Police tea of two cities: a tale of “Jingcha”

It is the best of times for themed tea and coffee shops. In mid-January, images of a milk tea shop called Jingcha (警茶, lit. Police Tea, which sounds the same as “police” in Chinese) started circulating on social media, especially among marketing and design accounts. It soon transpired that it was an internal pop-up tea shop by Suzhou Police to celebrate officers on a special occasion – the People’s Police Day on 10 January (as the number for the police in China is 110).

The tea shop comes with everything you’d expect with a tea collaboration: a specially designed logo showing tea leaves inside a shield-shaped badge emblem, cups in multiple colours, paper bags and merch such as cards, envelopes, coasters, tote bags and phone cases.

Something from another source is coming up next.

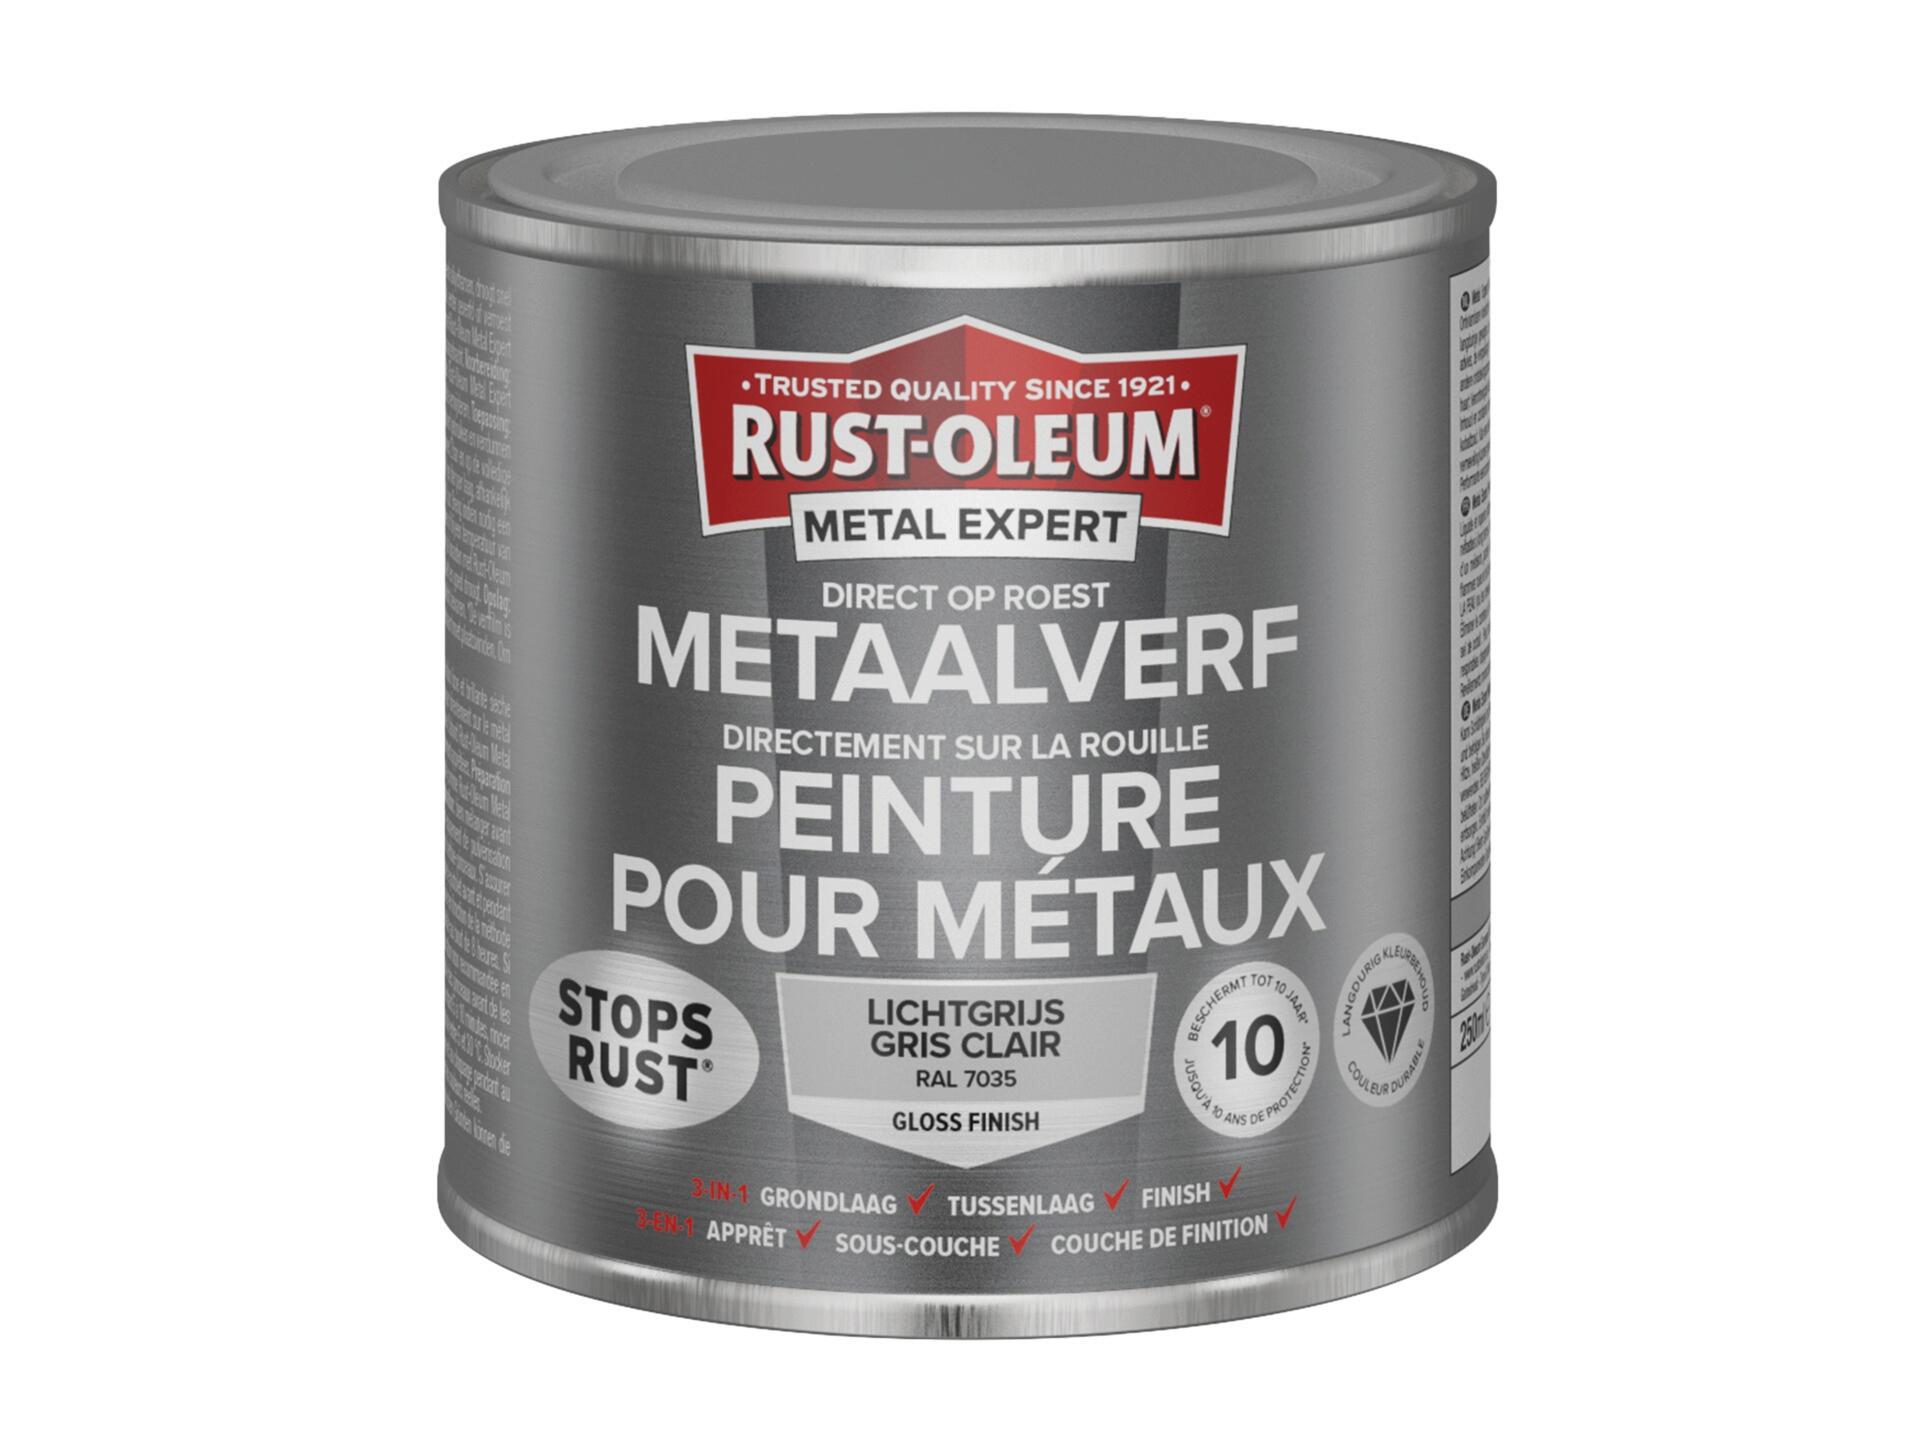 Rust-oleum Metal Expert peinture pour métaux brillant 250ml gris clair

The Suzhou Jingcha is not the first time that Chinese law enforcement have launched a tea shop. From as early as 2021 Gongshu Police in neighbouring Hangzhou launched Coffee Benny for their officers. In June 2023, Hangzhou Police opened a pop-up with Chagee at the China International Cartoon & Animation Festival (CICAF) in Hangzhou. It was the first time the name Jingcha was used. The pop-up included cartoon-style packaging and various merch from stickers to cushions. Incidentally, Hangzhou Police brought back their version of Jingcha for the Police Day and it was open to the public free of charge.

The topic “Mr Policeman invites you to tea” (#警察叔叔喊你喝茶啦#) about Hangzhou police gained 365,000 views on Weibo. Interestingly, in China, being invited to tea by the authorities is a euphemism for being summoned and questioned by them. Humorous usage of the term soon popped up on Weibo, China’s Twitter equivalent, both in an official capacity as used by the force and media, as well as colloquially by netizens.

It would seem that Hangzhou police have been trying to use their Jingcha for publicity, whether it’s by opening a pop-up among merch stands at a comic convention or providing free tea to members of the public. However, it was Suzhou Police’s internal tea shop that caught the eyes of marketers as it has a full range of merch and can easily pass as an official tea collaboration.